Reproducible Example
import pandas as pd
import json
def json_conversion(df, orient_type = "values"):
# convert dataframe to a JSON string
json_str = df.to_json(orient=orient_type)
# write the JSON string to a file
with open('data.json', 'w') as f:
json.dump(json_str, f)
# read the JSON string from the file
with open('data.json', 'r') as f:
json_str = json.load(f)
# Convert the JSON string back to a dataframe
df2 = pd.read_json(json_str, orient=orient_type)
return df2
# Create a dataframe with imaginary numbers
df = pd.DataFrame({'a': [1 + 2j, 3 + 4j], 'b': [5 + 6j, 7 + 8j]})
print(df)
# a b
# 0 1.0+2.0j 5.0+6.0j
# 1 3.0+4.0j 7.0+8.0j
# Check with `values`
df_values_json = json_conversion(df, "values")
print(df_values_json)
# 0 1
# 0 {'imag': 2.0, 'real': 1.0} {'imag': 6.0, 'real': 5.0}
# 1 {'imag': 4.0, 'real': 3.0} {'imag': 8.0, 'real': 7.0}
# Check with `table`
df_table_json = json_conversion(df, "table")

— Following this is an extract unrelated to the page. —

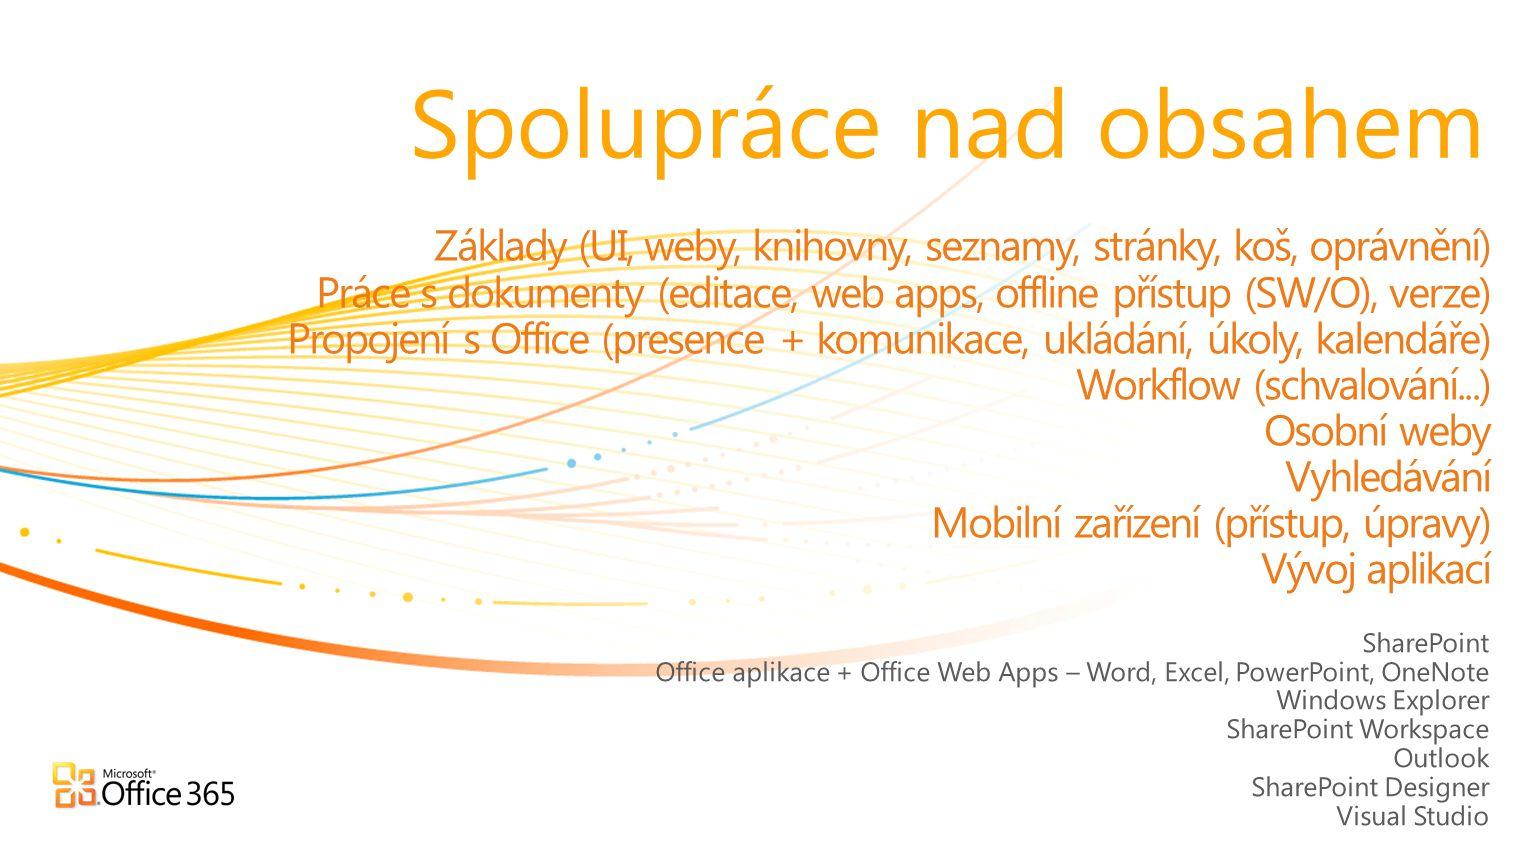 SharePoint Office aplikace + Office Web Apps – Word, Excel, PowerPoint, OneNote Windows Explorer SharePoint Workspace Outlook SharePoint Designer Visu

# TypeError: float() argument must be a string or a number, not 'dict'
Issue Description
When trying to re-create a dataframe with complex numbers using JSON, the pd.read_json()
function has trouble with different orientations, e.g. orient="values"
and orient="table"
. In particular, the reconstructed data frame either treats the number as a combined dictionary with "imag"
and "real"
entries or is unable to be recreated due to a TypeError
.
a | b | |
---|---|---|
0 | 1+2j | 5+6j |
1 | 3+4j | 7+8j |
JSON Output under `orient='values'`
[
[
{
"imag":2.0,
"real":1.0
},
{
"imag":6.0,
"real":5.0
}
],
[
{
"imag":4.0,
"real":3.0
},
{
"imag":8.0,
"real":7.0
}
]
]
This leads to the reconstructed data frame looking like so:
0 | 1 | |
---|---|---|
0 | {'imag': 2.0, 'real': 1.0} | {'imag': 6.0, 'real': 5.0} |
1 | {'imag': 4.0, 'real': 3.0} | {'imag': 8.0, 'real': 7.0} |
In the case of orient='table'
, we have:
JSON Output under `orient='table'`
{
"schema":{
"fields":[
{
"name":"index",
"type":"integer"
},
{
"name":"a",
"type":"number"
},
{
"name":"b",
"type":"number"
}
],
"primaryKey":[
"index"
],
"pandas_version":"0.20.0"
},
"data":[
{
"index":0,
"a":{
"imag":2.0
},
"b":{
"imag":6.0
}
},
{
"index":1,
"a":{
"imag":4.0
},
"b":{
"imag":8.0
}
}
]
}
The end output is a TypeError
of:
TypeError: float() argument must be a string or a number, not 'dict'
Expected Behavior
Ideally, the original data frame should be constructed up to column names in the values
case whereas the table
case should be identical to the original data frame.
Installed Versions
Comment From: dicristina
The documentation says that the output of df.to_json(orient="values")
will be "just the values array" so it is not possible to recover the column names. To recover the actual complex values you can do something like:
df_values_json.applymap(lambda c: complex(**c))
Unlike in the previous case in the orient="table"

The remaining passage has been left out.